The task: All pictures are to be dropped, and the remaining data set down exactly.

Given material:
--*--

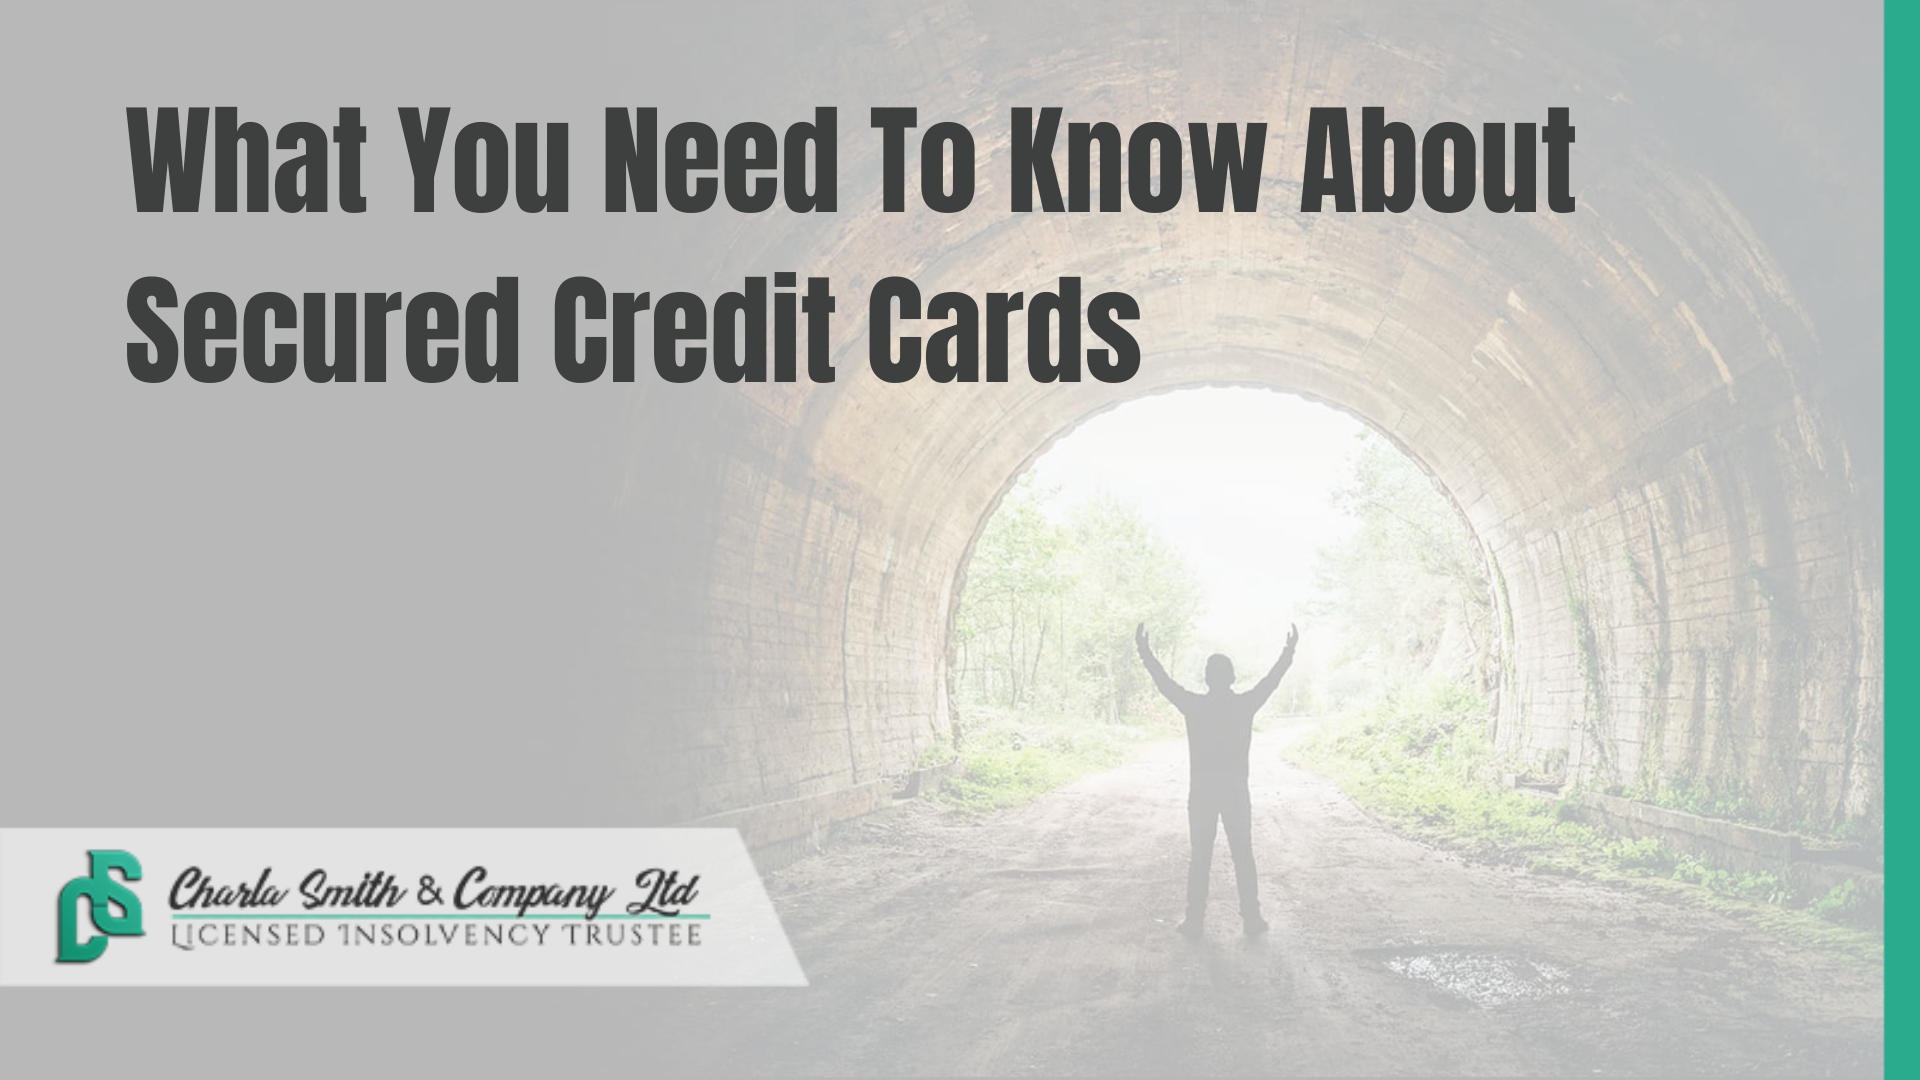 What You Need To Know About Secured Credit Cards
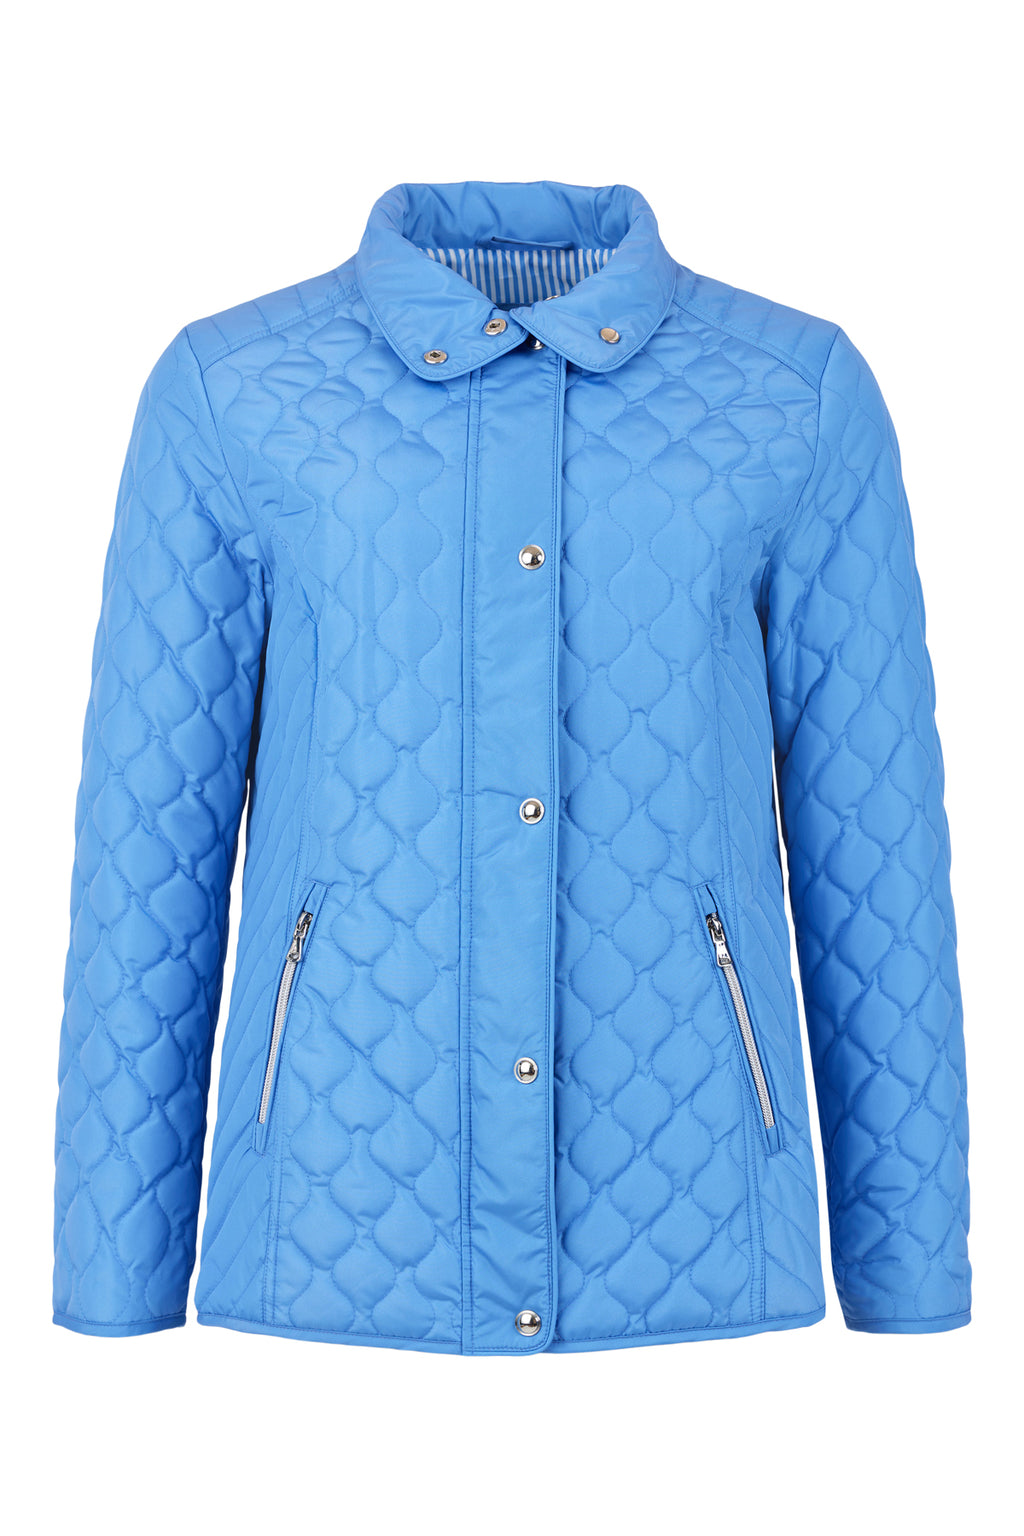 <p>Frandsen quilted jacket in blue</p>
<p>Product code 843-371</p>

--*--

Worked solution:
 What You Need To Know About Secured Credit Cards
 <p>Frandsen quilted jacket in blue</p>
<p>Product code 843-371</p>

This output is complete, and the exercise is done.